Data:

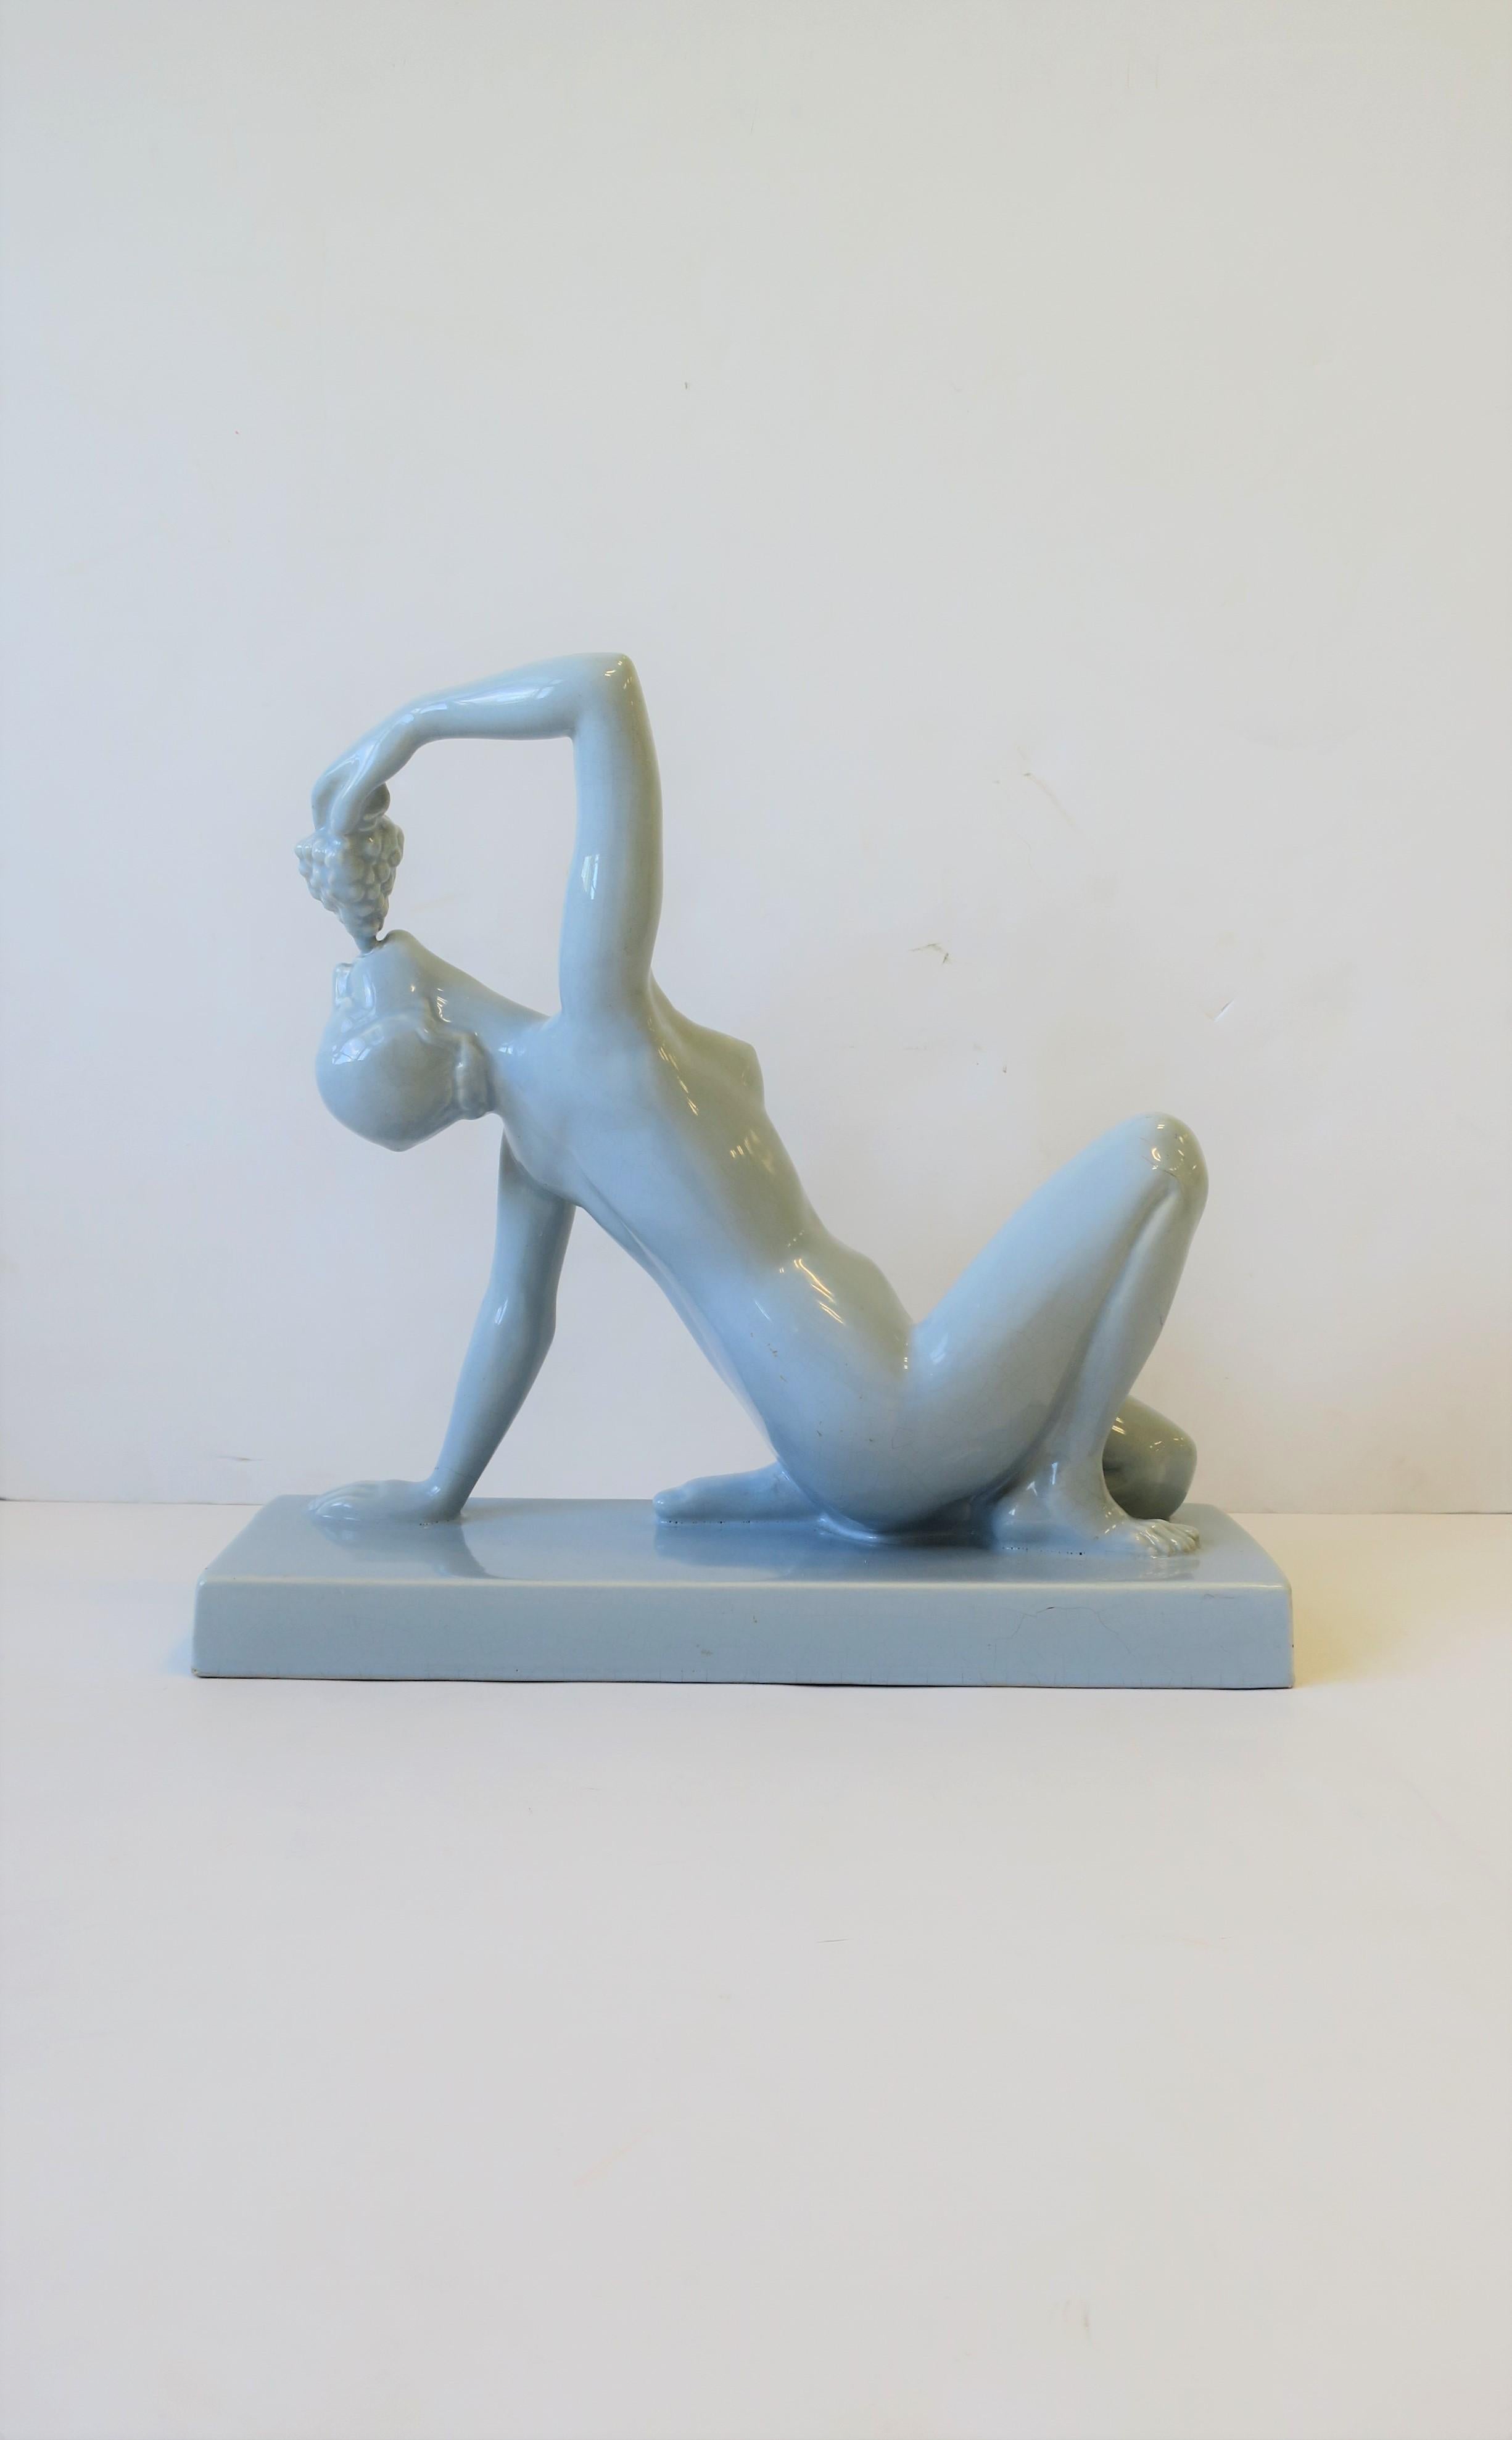 20th Century French Art Deco Period Sculpture by Sculptor Hernri Fugere
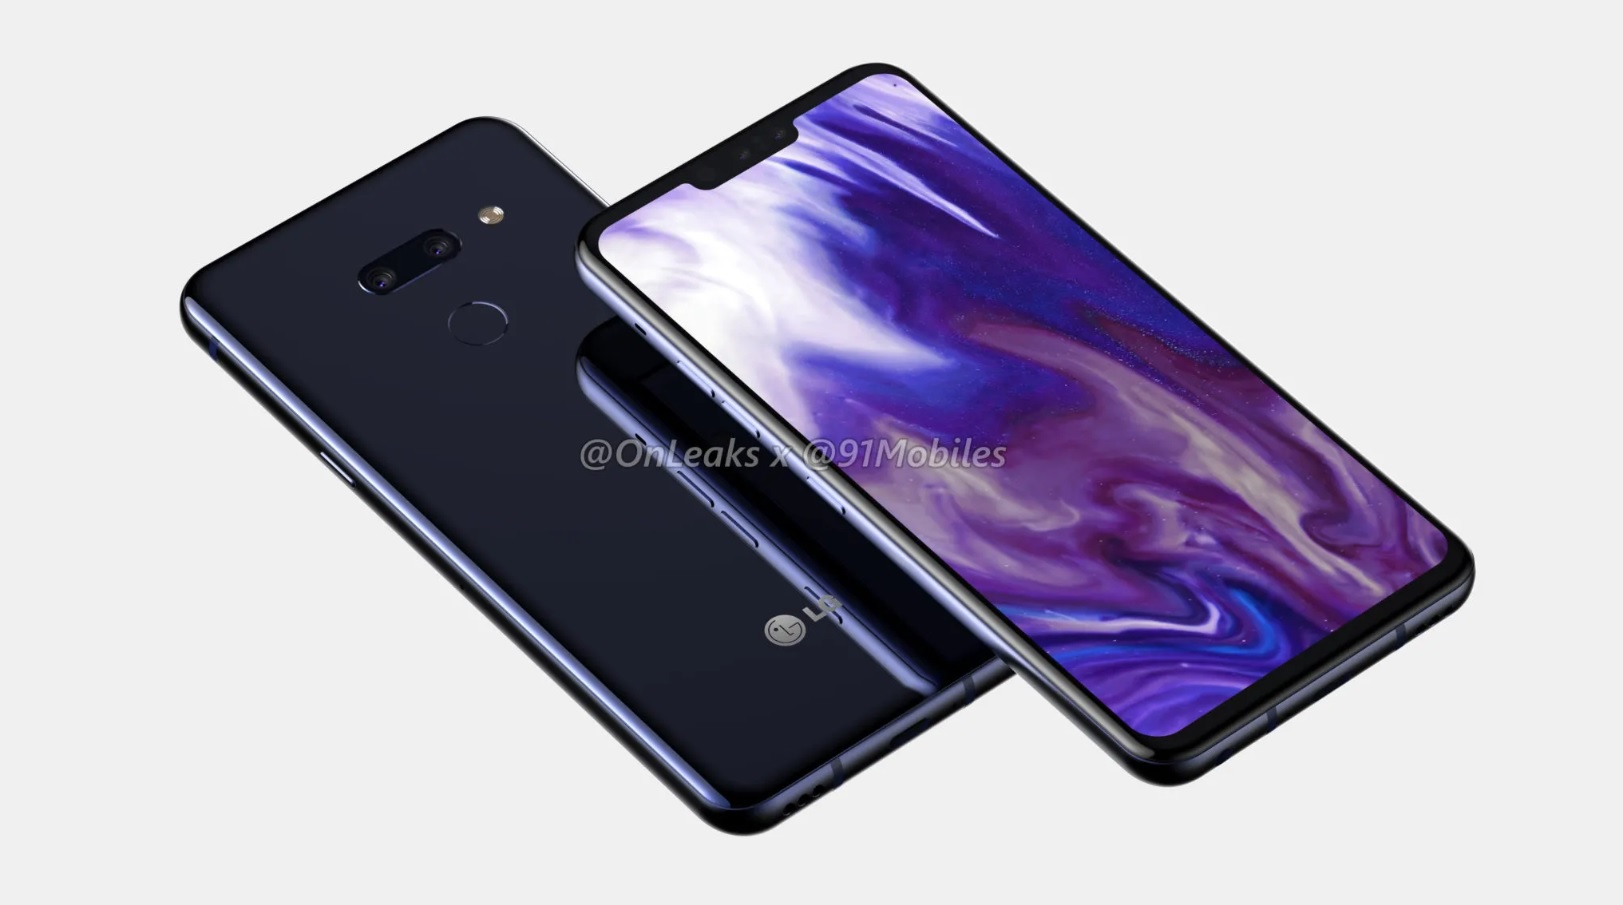 A professional render of the LG G8 ThinQ.
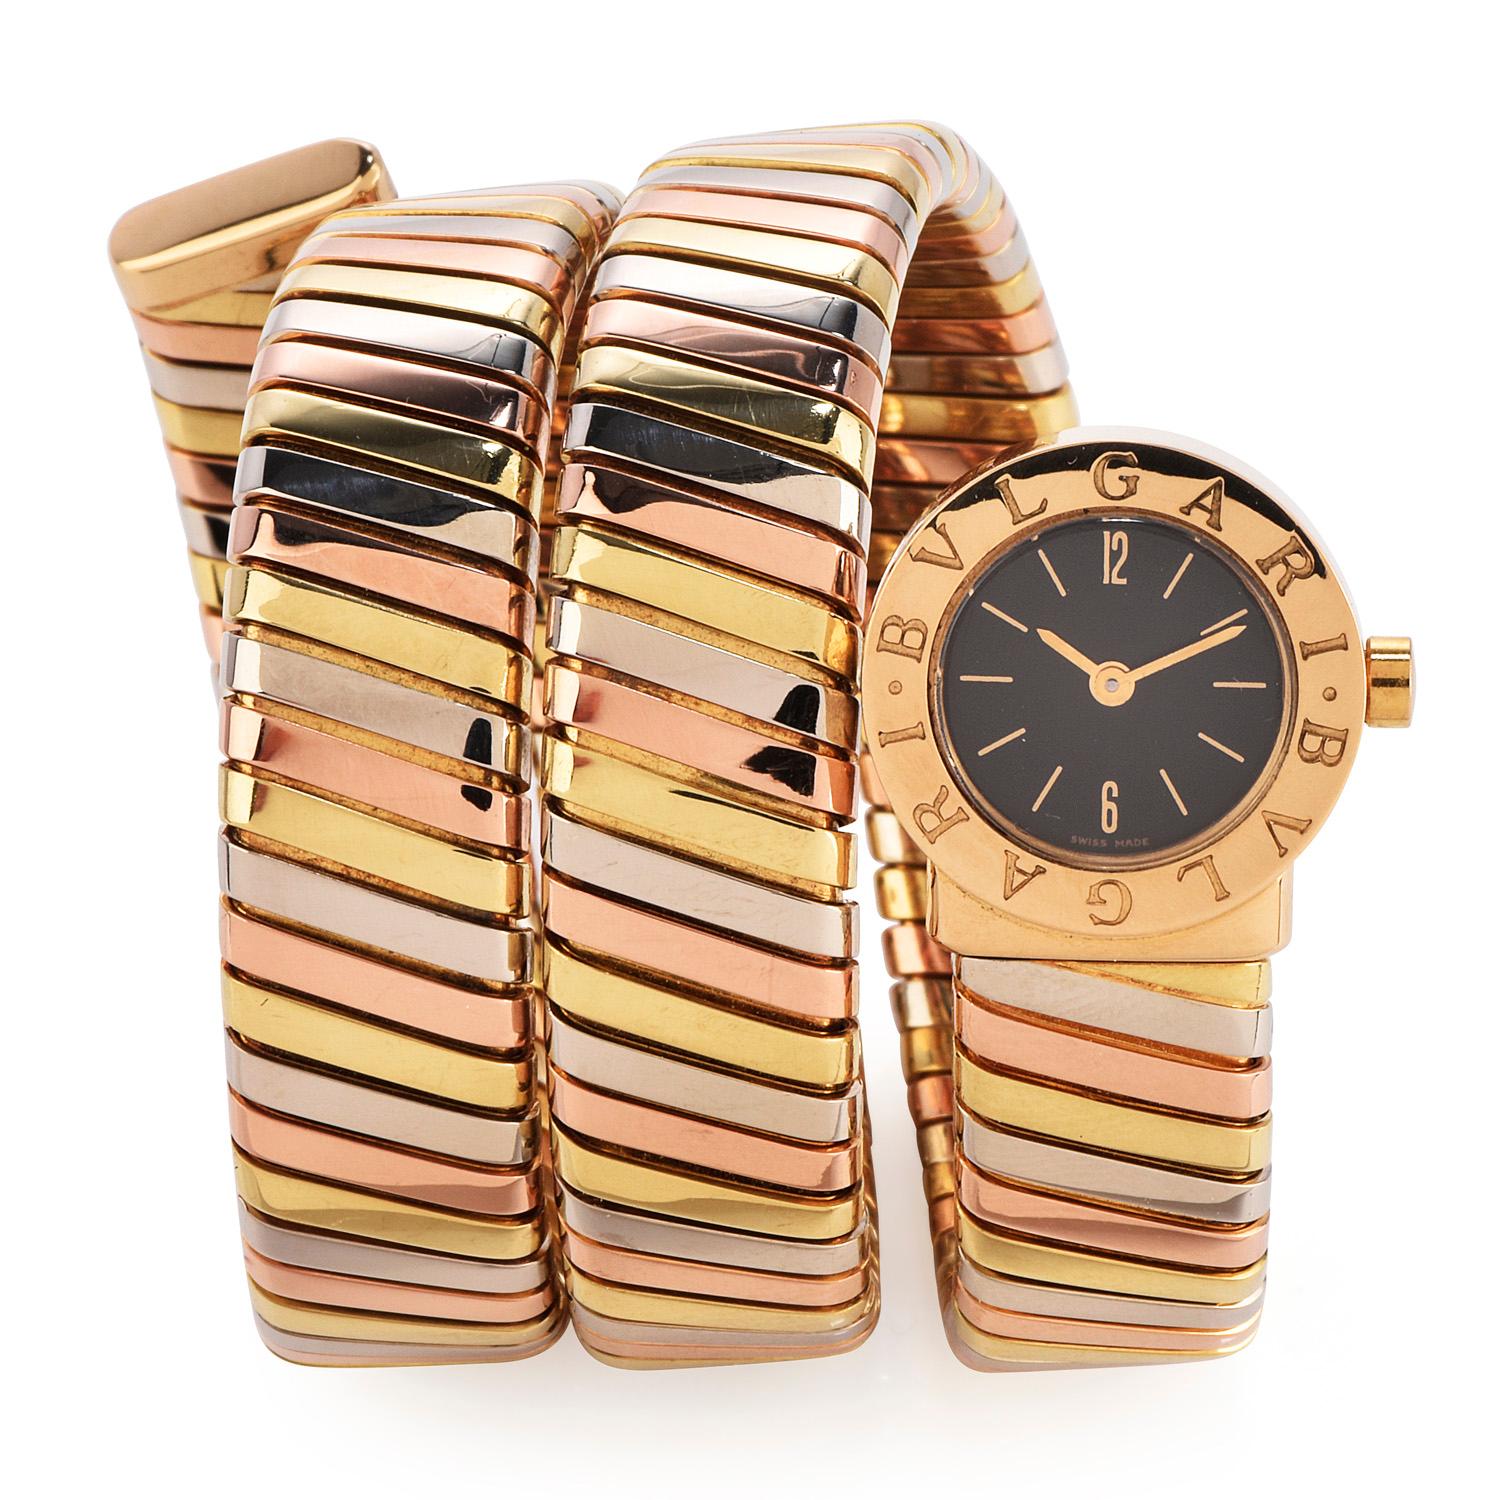 This 1990's Serpenti Tubogas Watch Designed by Bvlgari France offers flexibility and the perfect complement for any ensemble.

Crafted in pure 150.7 grams of 18K rose, white, and yellow gold.

This quartz movement watch features a black tone dial

What is needed:
Omitting all pictures, reproduce the records above in their entirety.

Written solution:
 20th Century French Art Deco Period Sculpture by Sculptor Hernri Fugere
 A professional render of the LG G8 ThinQ.
 This 1990's Serpenti Tubogas Watch Designed by Bvlgari France offers flexibility and the perfect complement for any ensemble.

Crafted in pure 150.7 grams of 18K rose, white, and yellow gold.

This quartz movement watch features a black tone dial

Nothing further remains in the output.